第120話 リゾート気分で 3


 岩場での魚介類の採取依頼が嫌われているのは、沖から現れるサハギンが原因だ。

 陸地で対峙すれば、そう厄介な相手でもないが、足元の不確かな岩場では不利すぎる。

 幸い、俺はハイエルフ。

 身軽くバランス感覚にも優れているし、何より魔法が得意なため、サハギン程度の魔物は片手間で倒すことが出来た。

 遠距離攻撃が可能なら、討伐もそう難しくはない。実際、シェラも弓を使って七十匹以上のサハギンを倒している。

 こつこつと討伐したおかげで、今やレベルも50に近くなったと嬉しそう。

 魔石と素材を商業ギルドに買い取ってもらい、懐にも余裕が出来て、ほくほくしている。

 最近では、銅貨をそっと差し出してきて、クッキーやチョコレートをショップで購入して欲しいとお願いしてくるまでになった。


「こう言う、ちょっとした……そう、たまの贅沢のために頑張れているのですよ。もぐもぐ…美味しい……」


 ドヤ顔で胸を張りつつ、バタークッキーを夢中で平らげている。頬をぱんぱんにしたリスか。

 とりあえず、食後の歯磨きと食べ過ぎには注意をするように伝えておいた。


 閑話休題それはともかく

 つまり、この海辺で一番危険なのはサハギン。次に大型の肉食魚が挙げられる。

 サメやシャチ、あとは異世界ならではの魔素で変化した異形種の魚だ。奴らは魔獣や魔物と同じく、人に対して攻撃的だ。

 銛そっくりの角が生えた魚にはベテランの漁師でも苦労させられているようで、沖に出るのも大変だと聞いた。

 幸い、浅瀬には大型の魚は滅多に現れない。

 『滅多に』ということは『たまに』現れるということなので、警戒するにこしたことはないだろう。


「そんなわけで作ってみました。安全な海水浴場」

「わぁ……! 海を岩で囲ったんですね。
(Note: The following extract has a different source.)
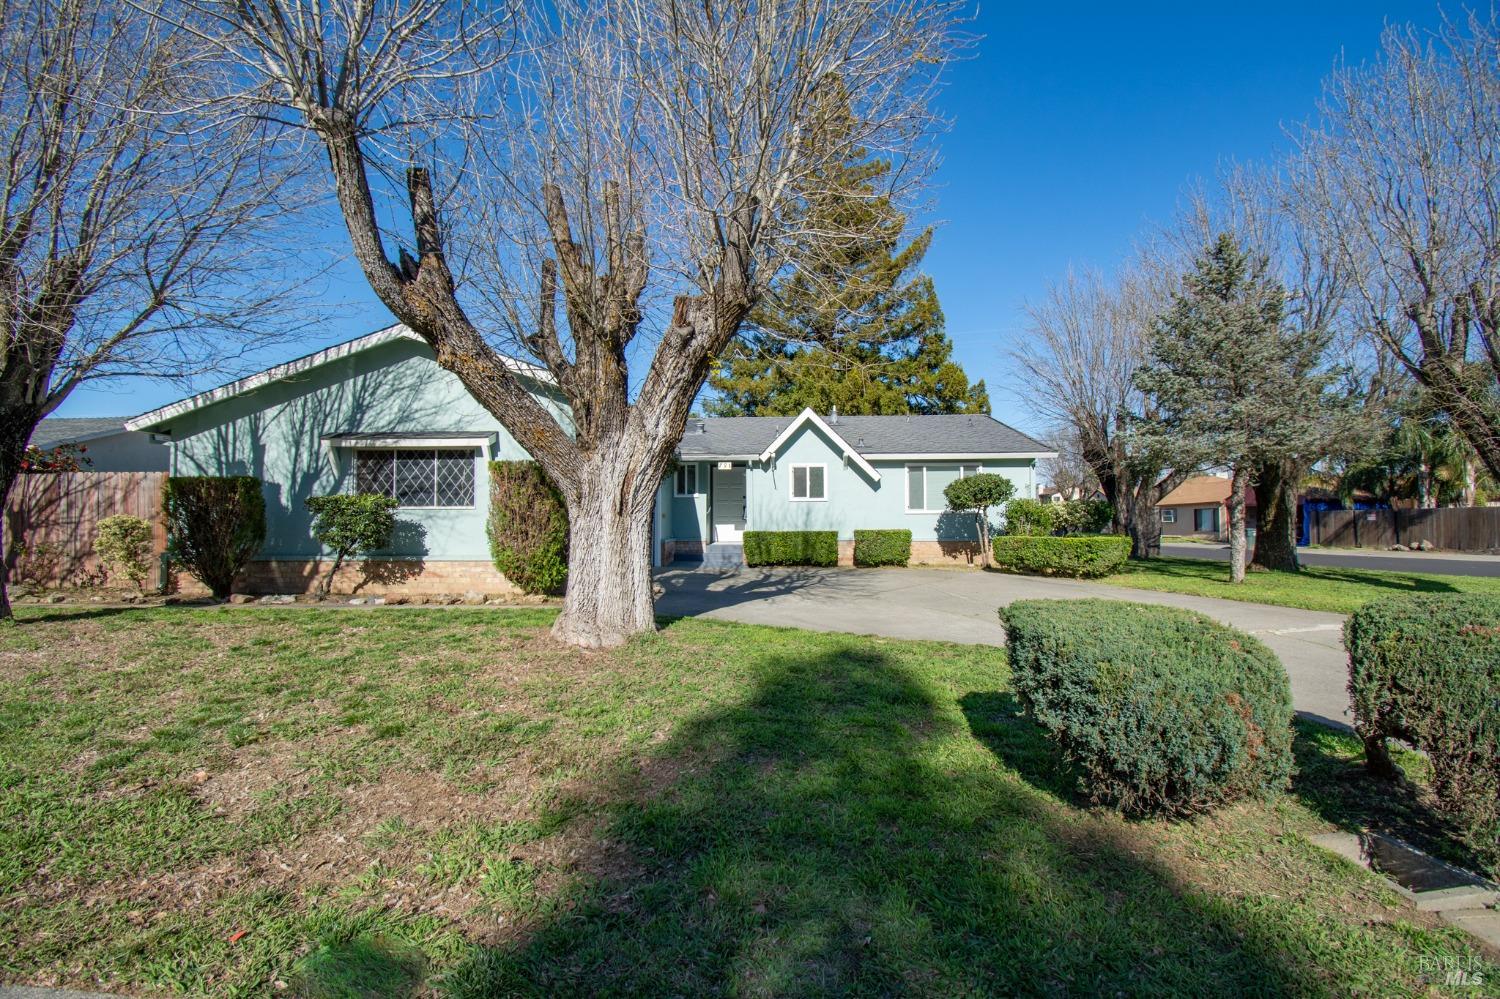 Photo of 791 S Orchard Ave in Vacaville, CA

すごいです、コテツさん!」


 褒められて、ふんすと喜ぶ猫をシェラが笑顔で撫でている。平和だ。

 危険な魚が侵入しないように、土魔法や水魔法、ついでに【アイテムボックス】も駆使して即席の海水プールを作ってみた。

 広さは25メートル四方。うん、プールだ。

 水遊びが出来れば良いので、このくらいの大きさでちょうど良い。

 サハギンの侵入予防のために、コテツの精霊魔法で岩を鋭利な状態に尖らせてもらった。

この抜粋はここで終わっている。